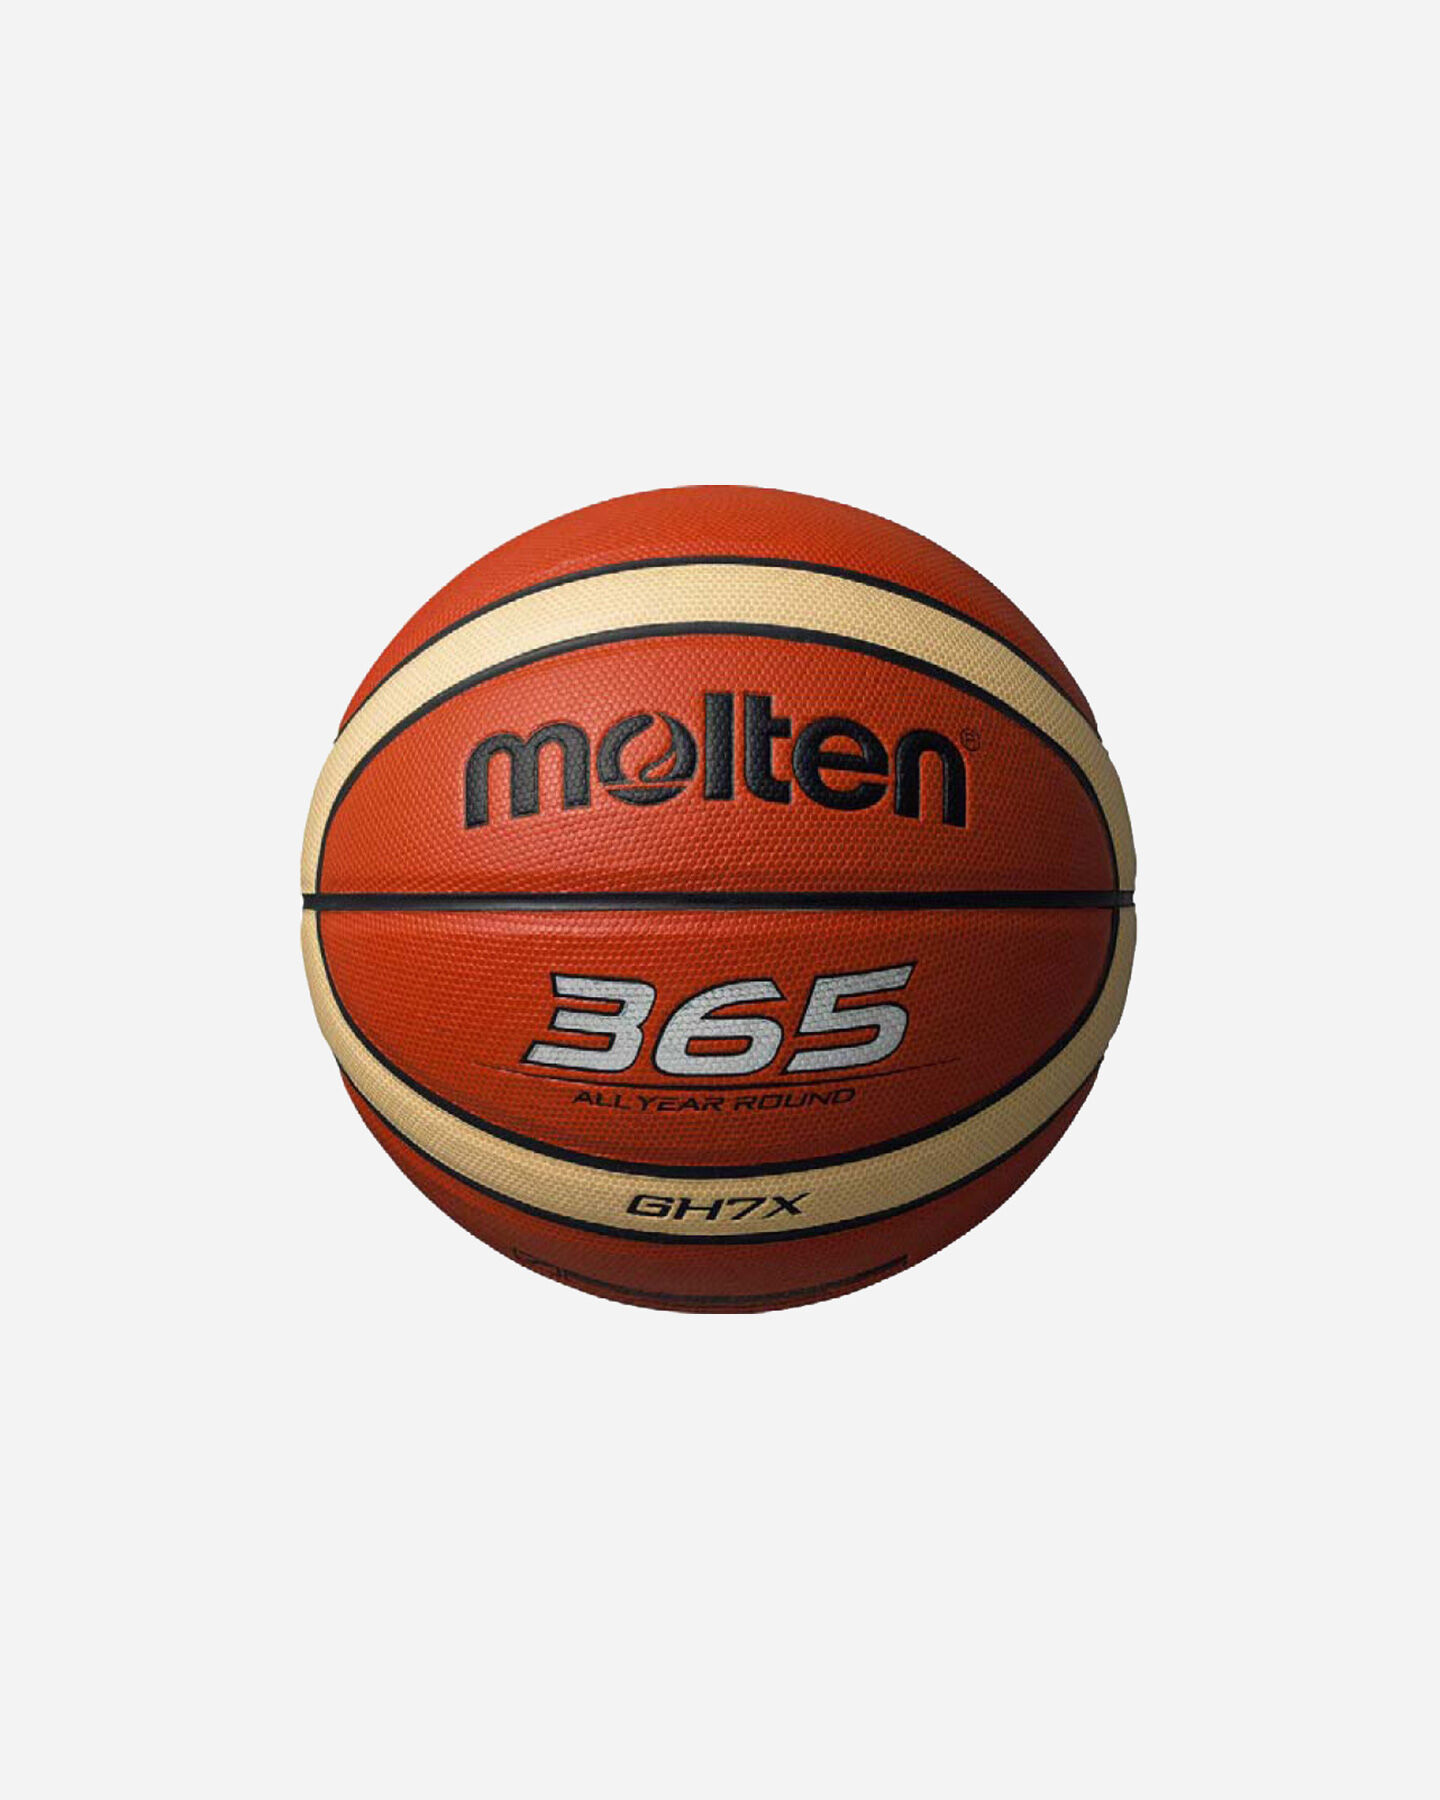 Molten BGG7X Pallone da basket originale UFFICIALE 
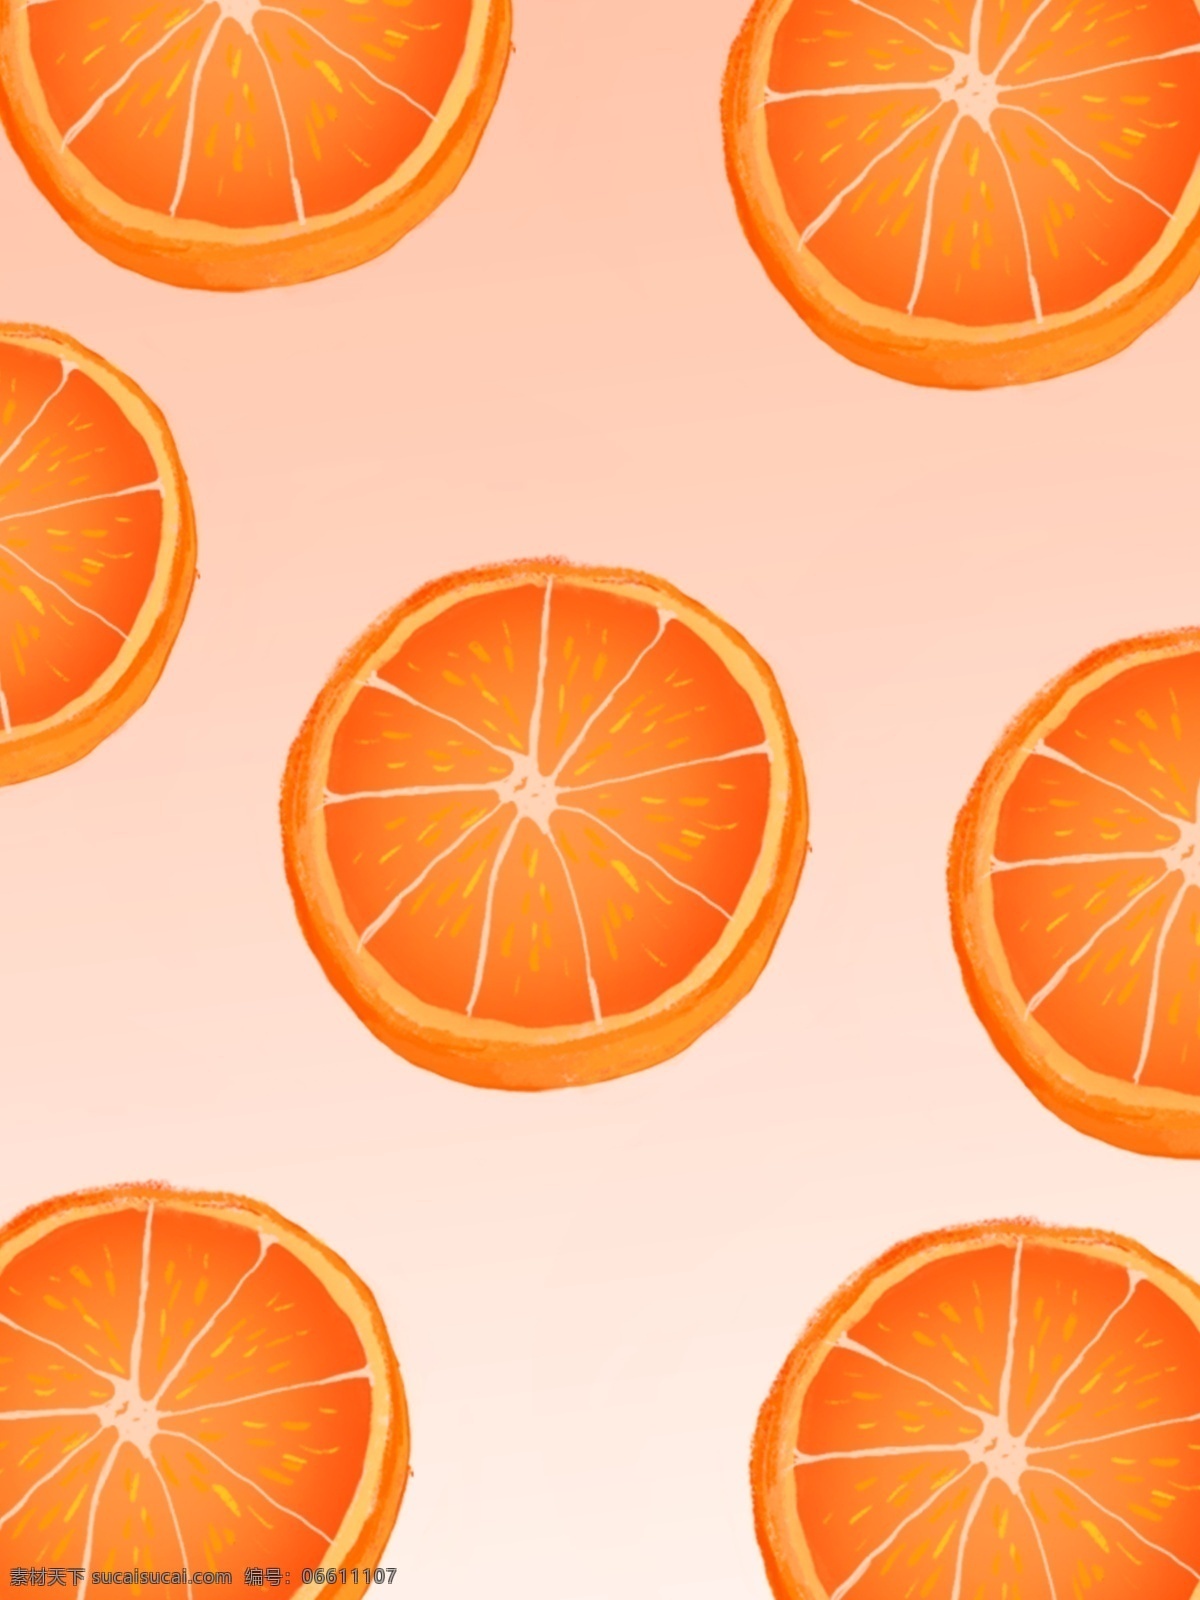 橙子背景 橙子水果背景 水果切片 水果主题 橙子切片 手绘水果 水彩水果 矢量 水果 水果素材 新鲜水果 矢量水果素材 卡通水果素材 卡通水果 橙子 橙汁 饮料 横切面 香橙 橙子矢量图 橘子 柑橘 甜橙 桔子 橙子图片 卡通橙子素材 卡通橙子 切开的橙子 橙子素材 矢量橙子素材 矢量橙子
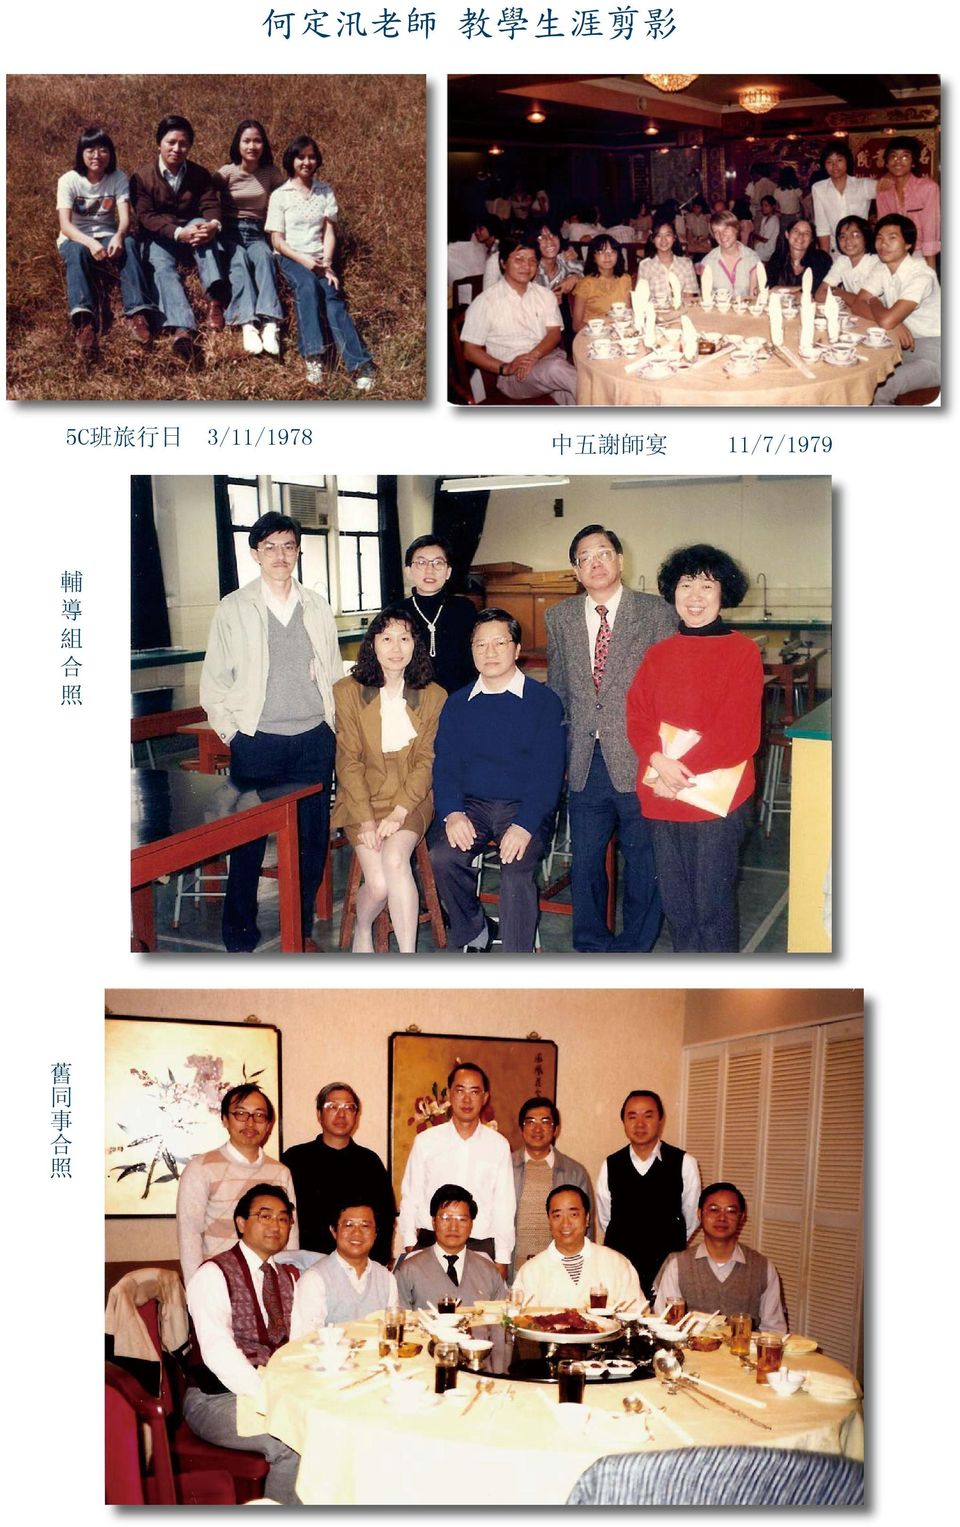 3/11/1978 中 五 謝 師 宴
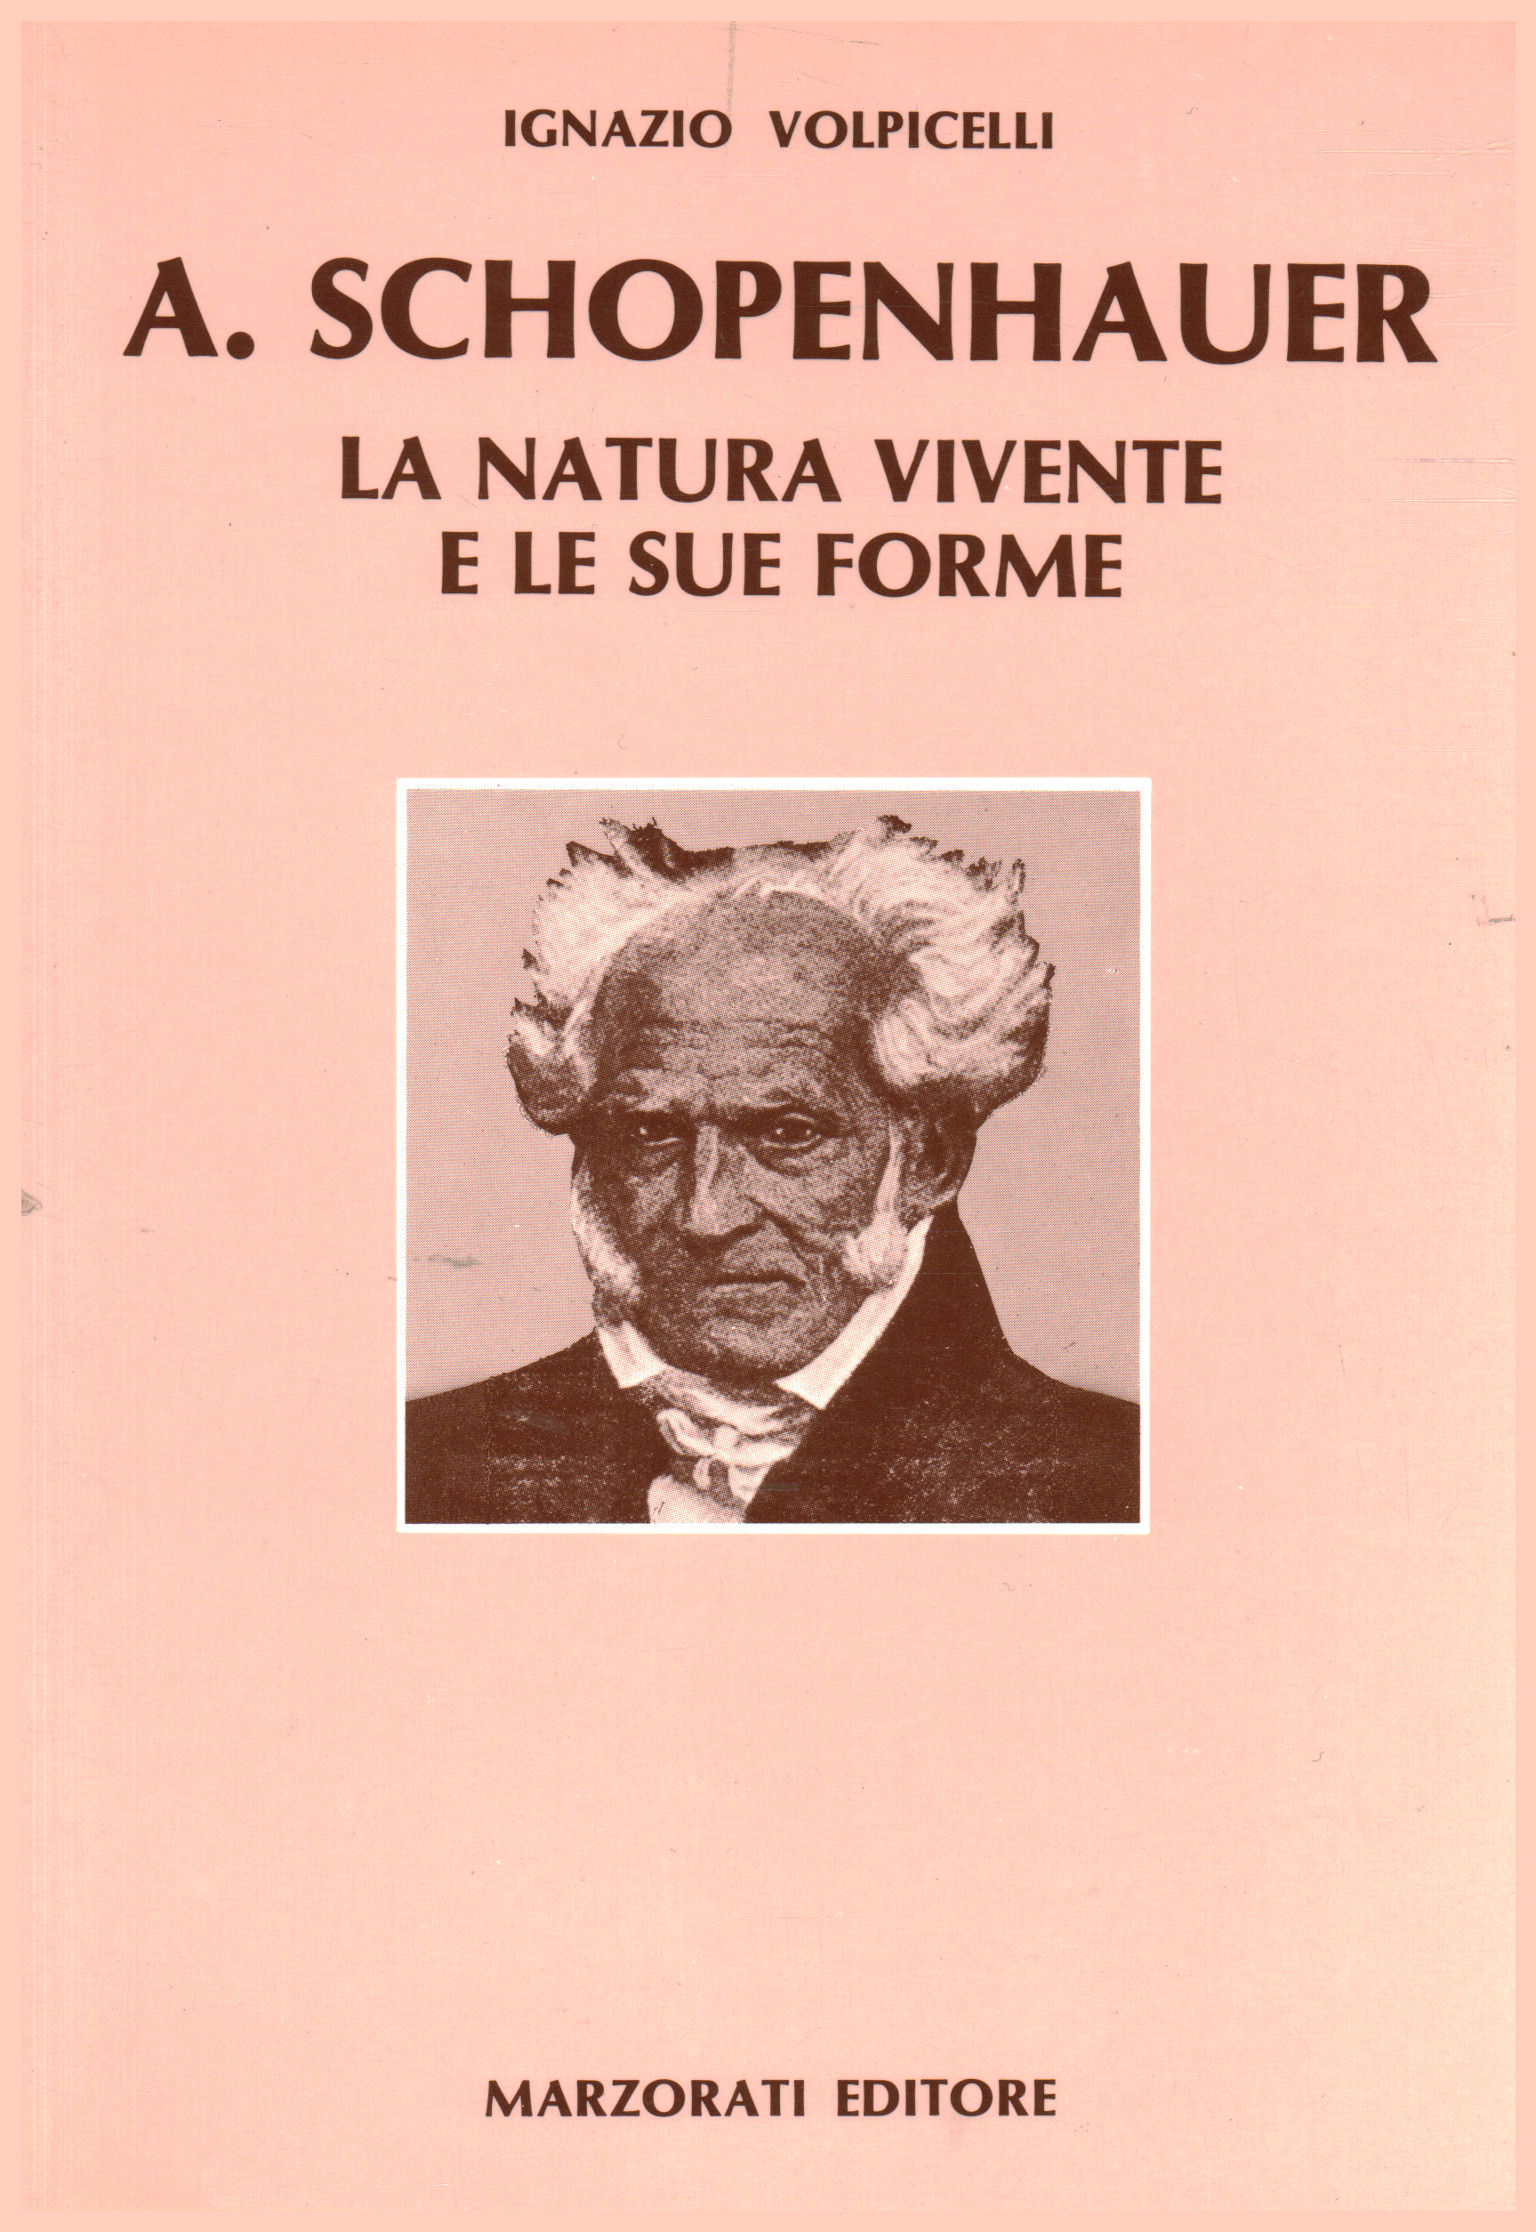 A. Schopenauer, Ignazio Volpicelli

========

▶ **What the task asks**:
Restate exactly, and only, the lines from the one that holds "橙子背景 橙子水果背景 水果切片" down to the last line of the material above. Omit the pictures.

▶ **Exercise result**:
 橙子背景 橙子水果背景 水果切片 水果主题 橙子切片 手绘水果 水彩水果 矢量 水果 水果素材 新鲜水果 矢量水果素材 卡通水果素材 卡通水果 橙子 橙汁 饮料 横切面 香橙 橙子矢量图 橘子 柑橘 甜橙 桔子 橙子图片 卡通橙子素材 卡通橙子 切开的橙子 橙子素材 矢量橙子素材 矢量橙子
 3/11/1978 中 五 謝 師 宴
 A. Schopenauer, Ignazio Volpicelli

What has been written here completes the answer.